Seeing the Model Rather then the World

I was reading Dani Rodrik’s thoughts on “the sorry state of macroeconomics” and it reminded me of something Greg Mankiw wrote back in February listing a series of propositions on which economists generally agree. One of the items on his list was that:

“Cash payments increase the welfare of recipients to a greater degree than do transfers-in-kind of equal cash value.”

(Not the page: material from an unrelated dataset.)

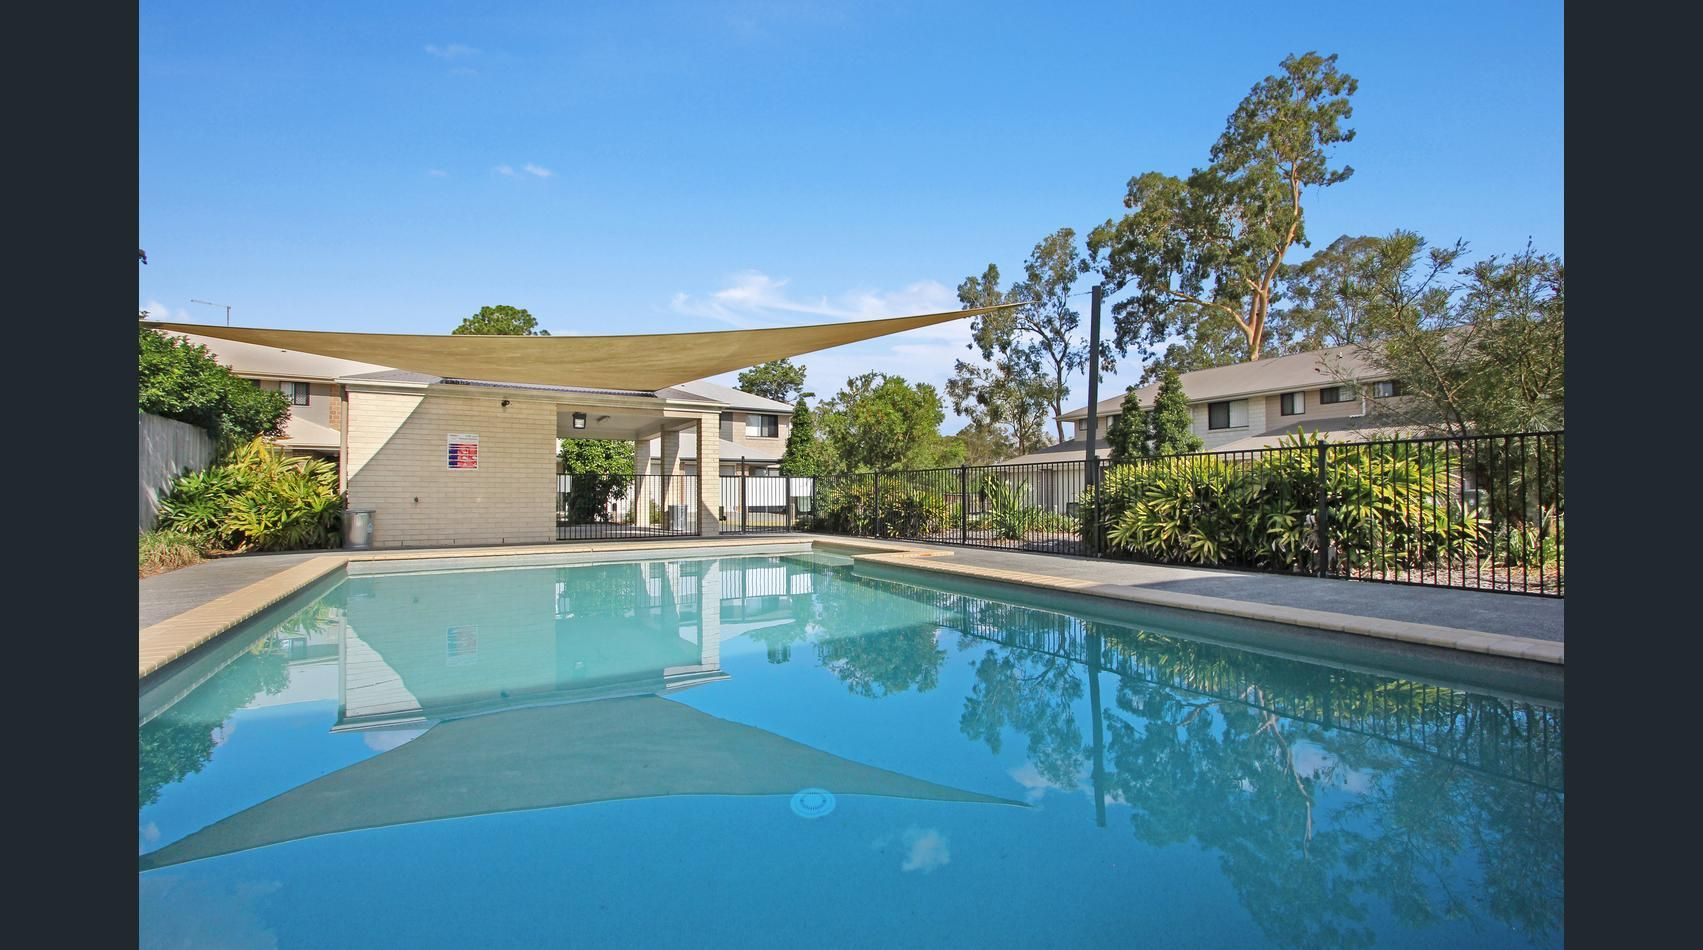 12/44-52 Rockfield Rd, Doolandella QLD 4077, Image 0

Those of us who majored in philosophy will immediately recognize that this proposition is meaningless without some consensus on the issue of what “welfare” is. And there’s definitely not going to be consensus on that. But I believe the way consensus is generated on this point is by an agreement among economists to decide that “welfare” means “preference-satisfaction” so that giving money to a nicotine addict with a vitamin c deficiency would do more to increase his welfare than would giving him an orange. With the money, he can buy cigarettes and he wants a smoke! This is, perhaps, something that you believe to be a good way of characterizing the concept of “welfare” (perhaps you think toddlers should be allowed to play unsupervised near the edge of steep cliffs, who knows) but nothing here of interest is hinging on economics.

Once upon a time a woman who lived on my block and had an EBT Card suggested that she should buy some groceries for me and I should give her cash in exchange. There’s an interesting issue in economics to be studied about what the cash value of an EBT dollar is. That, in turn, could be useful in informing our decisions about in-kind versus cash aid. But the fact that the definition of welfare that’s best-suited to making rational agent models look clean leads by definition to the conclusion that cash benefits are superior it not a very interesting conclusion at all.


This has, I’ll grant you, only a tenuous relationship to Rodrick’s post. But I think it’s a point about a general issue with resolving problems that are too difficult (“what is the nature of human well-being?”) by first adopting a model that rules the problem out by brute force, and then reading the model back onto the world forgetting that you deliberately decided to leave out an important question in order to make the model work.